On top of the beer appreciation classes (and organizing festivals), Robyn also orchestrates the monthly beer dinners.  Chef AJ Hurst works with Robyn and Scott (the head brewer) to plan a four to seven course dinner with beer pairings. These dinners are unbelievable. For only $60 including tax and tips, it’s a great night out without too much dent to your pocketbook.

Unlike the classes, the beer dinners do have a set schedule. Mark off the first Tuesday and Wednesday on your calendars for each month, and also make a note that you will need to call in for a reservation. Due to their popularity, the beer dinners sell out fast.

Holiday Beer Pairings


Bocks are a good bet for your Thanksgiving festivities.

Turkey: Bock, Double Bock, Ambers, and Browns.  Robyn also suggested that you could roast the turkey in beer to make it pair even better, and taste even better. You could do this with the previously mentioned beers or you could also try a Stout.
How do you roast a turkey in beer? I had to ask exactly how you roast a turkey with beer. Robyn said to dump the beer in the pan and also suggested substituting beer for water when making the stuffing. Beer stuffing? I’m in.
Robyn also suggested this great book on cooking with beer by Wisconsin’s own Lucy Saunders.
Apple Pie: Pumpkin beer. Robyn pointed out that a pumpkin beer would be a great complement to an apple pie. When I asked about some pumpkin on pumpkin action, she made a face. The spices in the beer would overpower the spices in the pie. So what should you drink with pumpkin pie?
Pumpkin Pie: Bock. 


Kolsch beers pair really well with sugar cookies, a Christmas staple in the Badger Girl household.

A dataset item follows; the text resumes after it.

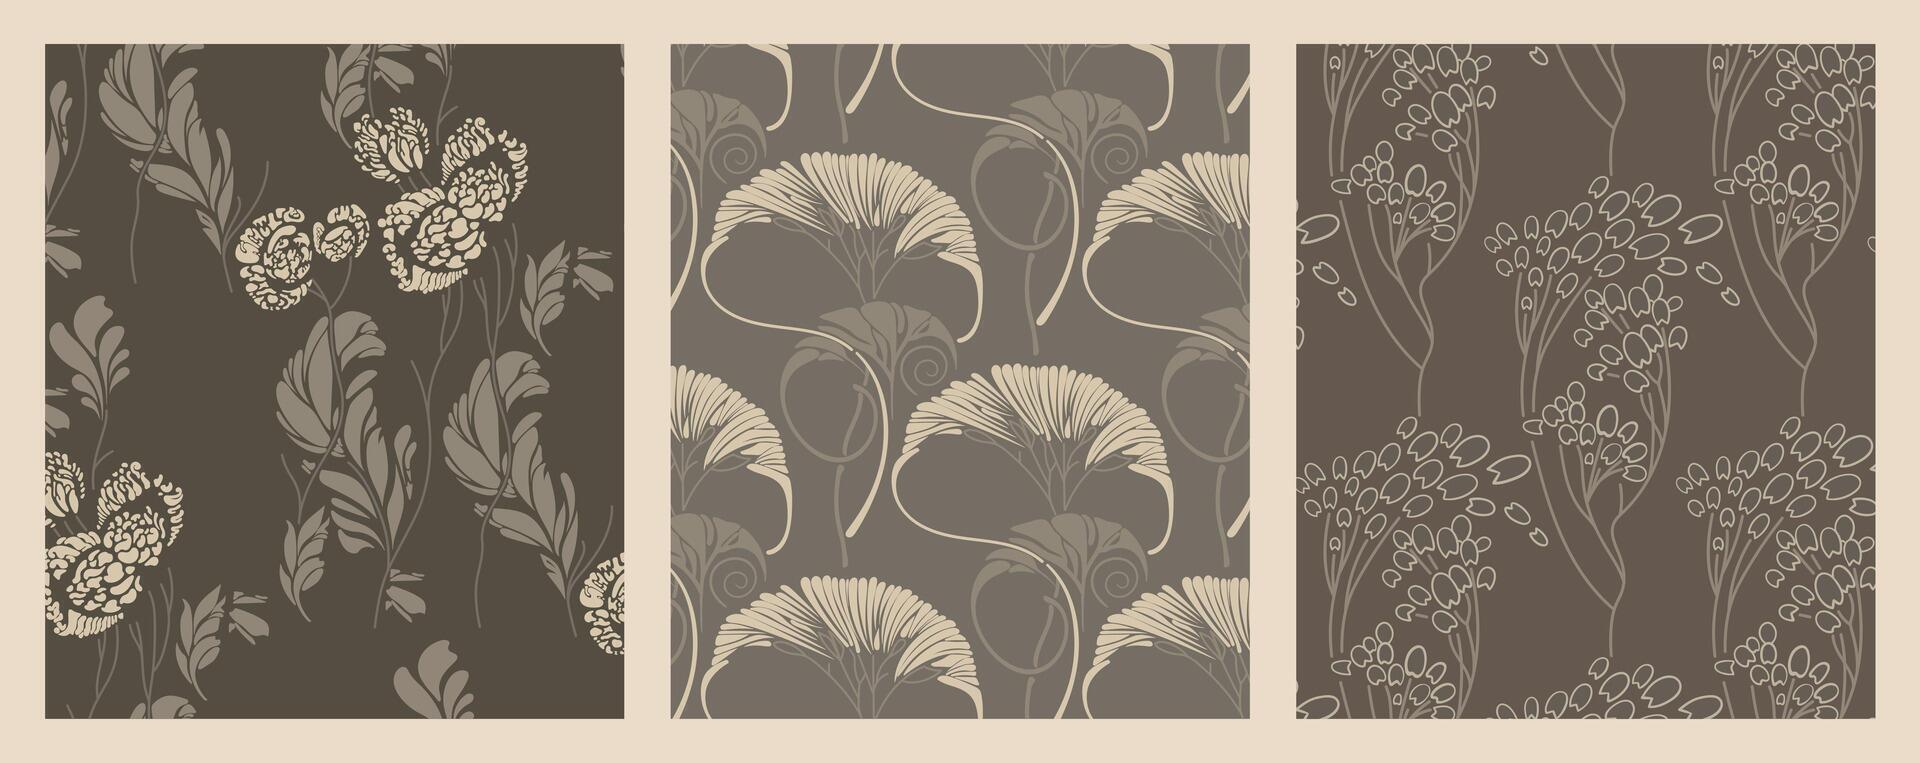 vintage art nouveau ornament Foliage and flora texture seamless pattern set vector

As my close friends know, I have an annual cookie baking party in December so I had to find out from Robyn what beers I should serve.
Snickerdoodles: Holiday Spiced Beers (Robyn recommends the Christmas Ale from Great Lakes Brewing Company) or Pale Ale.
Sugar: German Kolsch
Gingerbread: Stout or Porter. It will be like dunking your gingerbread cookie in coffee.

General Beer Pairing Tips

Beer pairing has a lot of the same rules as wine pairing. If you are eating something light, like fish or seafood, you want a lighter, easier drinking beer like a Belgian or Pilsner.
If you are going with bigger meats, you need a bigger beer to go with it. Try a Bock, Porter, or Stout.
For spicy foods, you either want to with a light beer to calm the spice or a hoppy beer to cut through the spice. 

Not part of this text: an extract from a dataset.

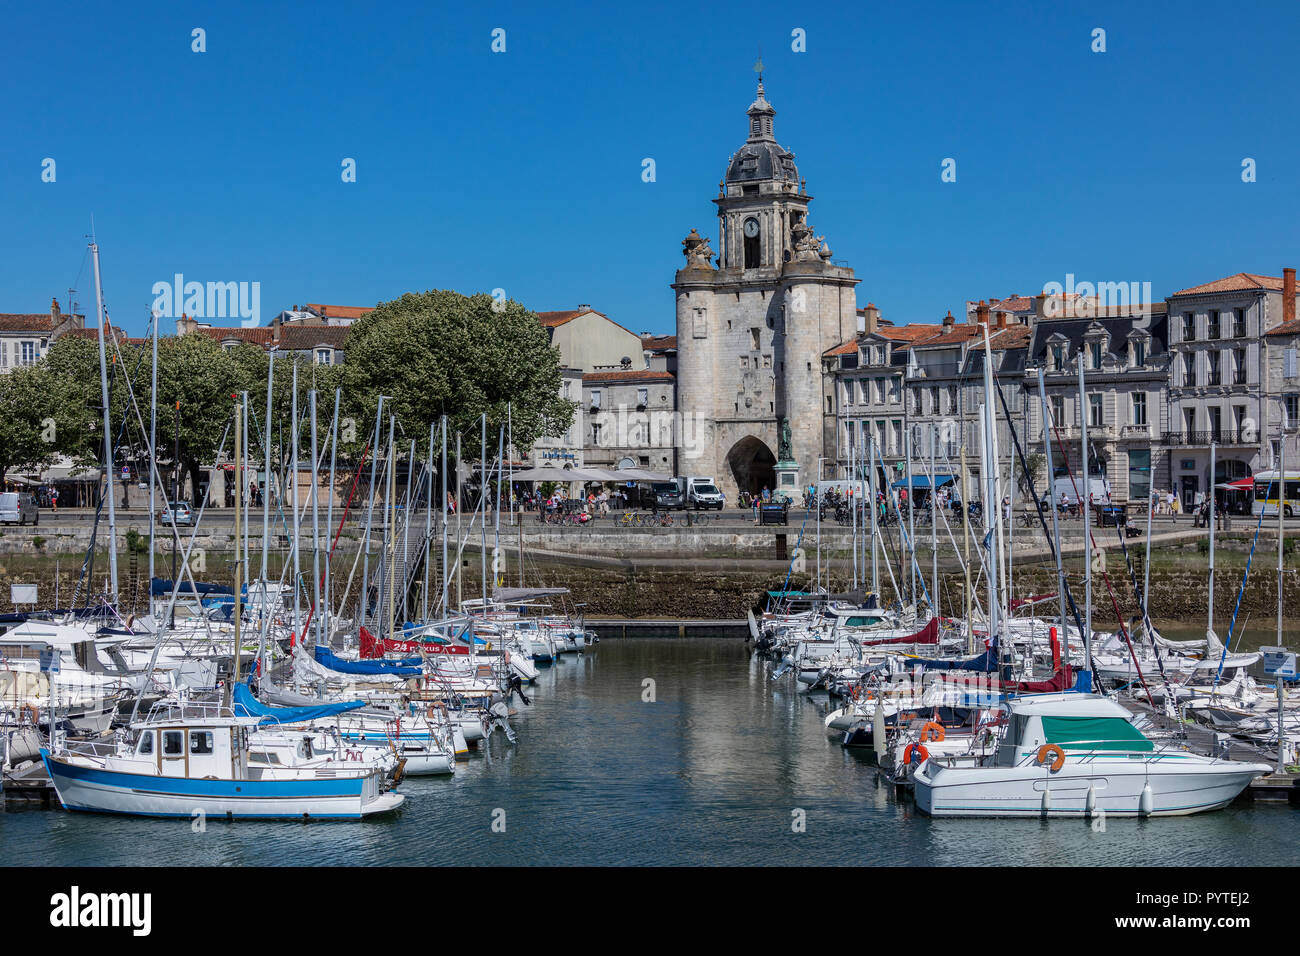 La grosse Horloge porte dans le Vieux Port de La Rochelle en Charente-Maritime. Banque D'Images

Robyn spoke passionately about beer pairings. Her and I don’t always agree on the beer versus wine debate (and I think I may be throwing down a challenge here) but she does bring up some good points. There are so many variables in making beer that are not always in the wine making process. She argues that you have so many more flavor options than with wine and a full spectrum of colors in beer from lightest straw color to ambers, browns, oranges, and finally to the blackest stout. And because you have more ingredients and flavors to work with, she argues that beer generally pairs better than wine. I think a future beer versus wine party may be in order…

The Beer Guru’s Favorite Beer

Robyn’s current favorite beer is the Vintage’s Pumpkin Disorderly.  The base of the beer is a Brown Abbey (a Belgian beer). Because the yeast in the Belgian beers lends a lot of natural spice notes, Scott didn’t have to add as many spices to the beer. Compared to a normal pumpkin spice beer, he added half of the spices (cinnamon and nutmeg) and that makes the beer more rich and less cloyingly sweet.

And in my humble opinion, I like it because you get to drink it in a cool glass. I am purposefully leaving out a picture so you will just have to go to the Vintage to try it!